A couple of things that I think work really well with this system:

  1. Features are incredibly heavily tested before they reach customers. They’ve already been tested in isolation, again at integration, again on our corporate Kiln install, and again on our exact On Demand infrastructure. The exact point release that eventually goes out has already been live for days by the time our customers get it, on the exact servers that our customers use. All we’re toggling is who can see the new version.

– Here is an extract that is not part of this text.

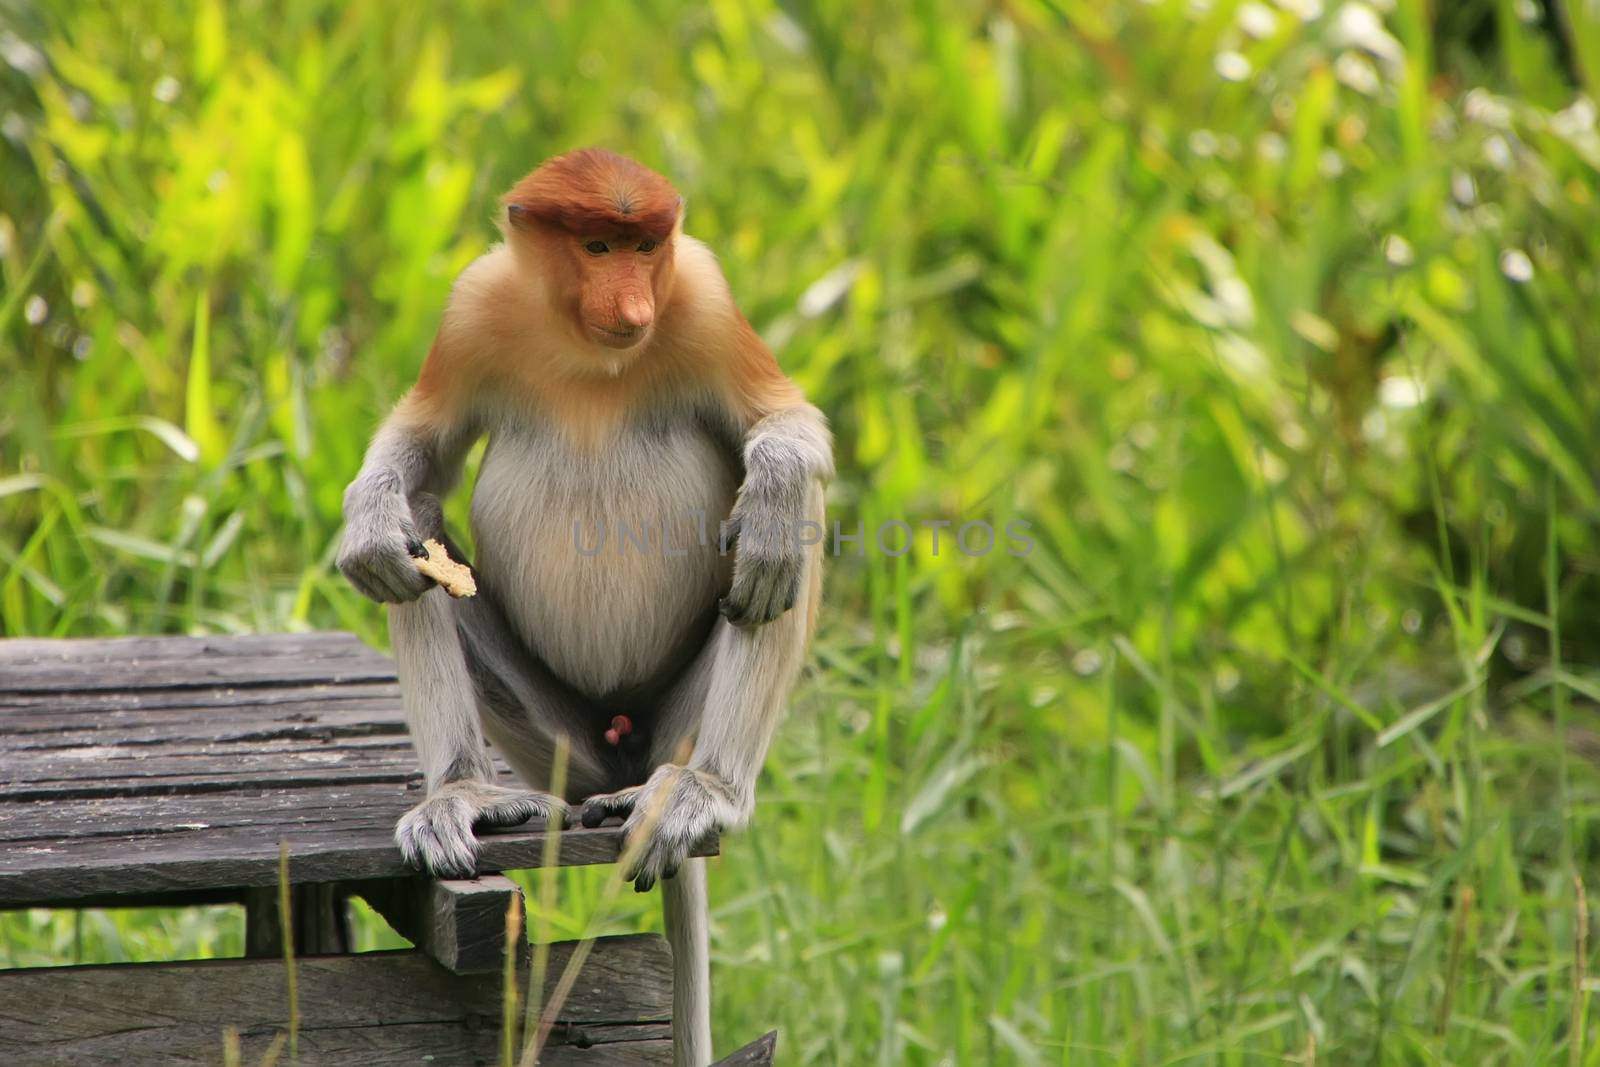 Proboscis monkey sitting on a feeding platform, Borneo, Malaysia by donya_nedomam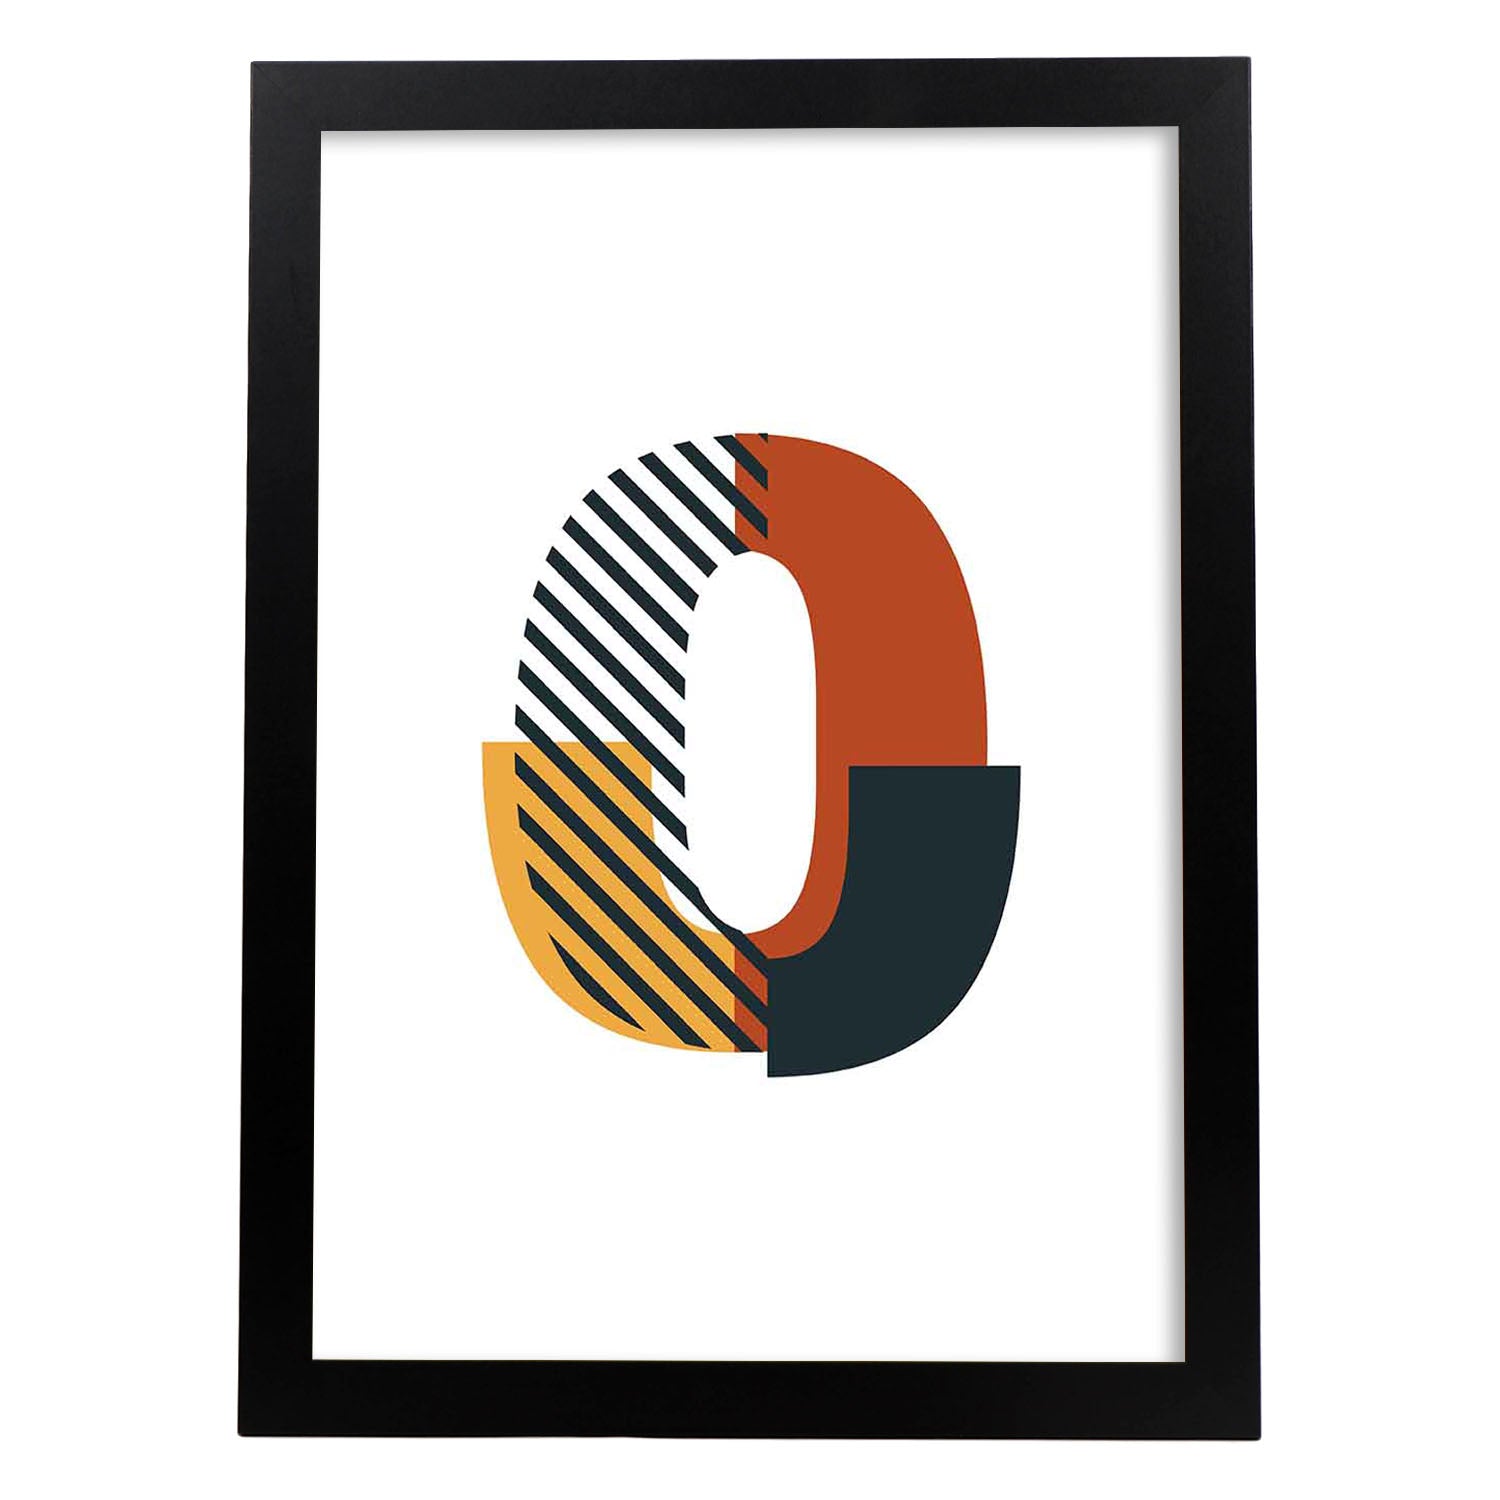 Poster de número 0. Lámina estilo Geometria con imágenes del alfabeto.-Artwork-Nacnic-A3-Marco Negro-Nacnic Estudio SL

  2. Our deployment process is fully automated. It takes one button-click in Mortar to tag a build, and another click to deploy to our own servers. Deploying to On Demand is slightly more involved, since Mortar doesn’t currently allow arbitrary input and we want to be able to specify which accounts to upgrade. But at the end of the day, it’s still just a single script invocation that takes a list of accounts and a generation to deploy them to, and takes care of the rest.
  3. Any individual customer can be upgraded (or downgraded) at will. One of the features that we can do with Fog Creek On Demand that is comparatively rare in other systems I’ve seen is that we can upgrade any individual customer to any version of Kiln and FogBugz that is currently hot (i.e., a valid deployment target). Many other systems I’ve seen can only upgrade at server-level granularity, which can be problematic if you’re trying to help a single customer out with a bug fix that you’re not ready to deploy to your entire user base.

The process isn’t perfect, but it’s one I’m very happy with, and one I’d like to emulate on other projects.